HIT-related patient safety incidents
Literature on the clinical safety of health information technology (HIT) systems is rapidly evolving as these systems roll out.
The Commission asked the Australian Institute of Health Innovation at Macquarie University to perform a literature review and environmental scan on approaches to the review and investigation of Health IT-related patient safety incidents to:
- Identify appropriate methods for monitoring hazards affecting HIT systems
- Investigate incidents resulting from the use of these systems.
A Literature review and environmental scan on approaches to the review and investigation of Health IT-related patient safety incidents published in 2017 found that the requirements for HIT safety systems:
- Are similar to those that apply to existing patient safety systems
- Should include the ability to identify hazards ahead of time and permit review of incidents after the event
- Should also provide information about the prevalence of incident reporting and management systems
- Should allow the opportunity to classify and report on incidents to ensure a continuous open loop of feedback and improvement.
The review noted that numerous methodologies exist and that no single method was appropriate to detect, investigate and classify all HIT incidents. Successful HIT safety systems need to have in place a multidisciplinary team with appropriate skill sets from a clinical, health informatics and system safety perspectives and use a tailored approach to investigate HIT patient safety incidents.

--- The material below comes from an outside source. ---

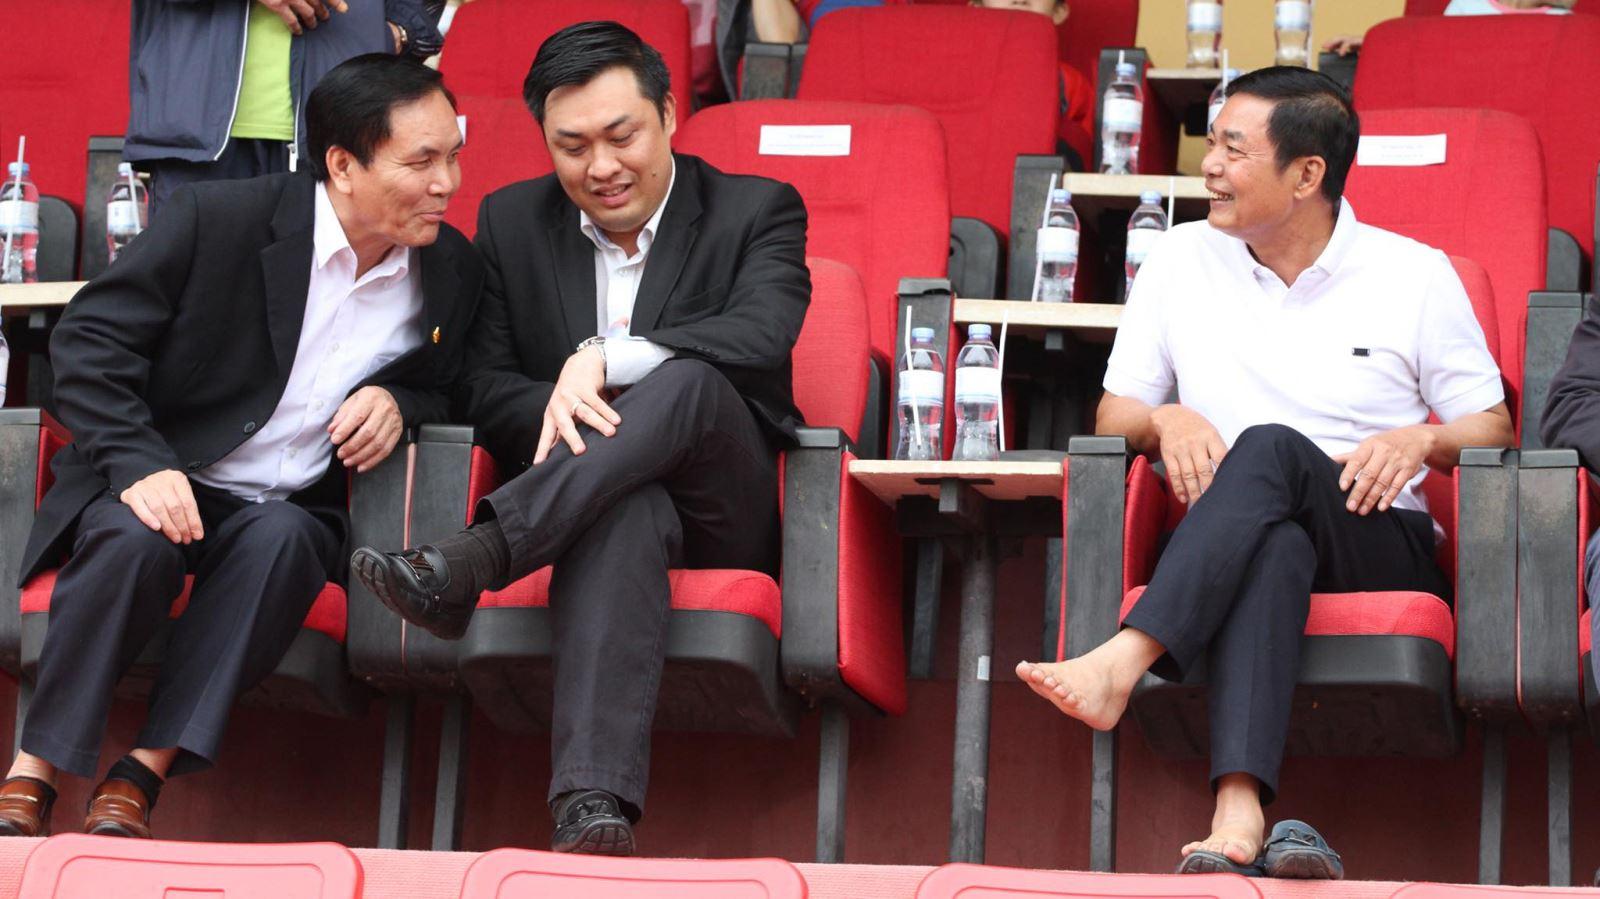 VFF cần lên tiếng về trường hợp Phó Chủ tịch Cấn Văn Nghĩa

As HIT systems are being implemented in most Australian states and territories, and some private hospitals, HIT-related safety risks continue to be unintended consequences from their implementation. Complex and difficult issues, to which implementation teams must be alert, are arising, and little is known about the types of errors that may be associated with:
- EMM-related work practice changes
- Clinicians working across multiple sites and settings, and remote ordering
- Hybrid environments in which EMM and hard-copy documentation for prescribing and administration of medicines, are both used
- Multiple EMM systems, such as separate ICU or oncology systems
- Multiple patient EMM records being open at the one time
- Selection errors associated with use of ‘drop-down’ medicine lists when prescribing
- Dosing errors associated with on-screen presentation of medicines information
- Decision support information not being used, not readily accessible for use, or not considered relevant (interaction alerts) by clinicians
- Planned and unplanned downtime.
In 2019, the Commission repeated the literature review an Update on approaches to the review and investigation of health IT-related patient safety incidents.
Key findings:
- Despite a marked number of reported investigations into health IT-related patient safety incidents, no notable developments for using existing taxonomies to classify these events were found
- The literature did not contain examples of data breach incidents relating specifically to EMR design, build and use being routinely recorded and reported.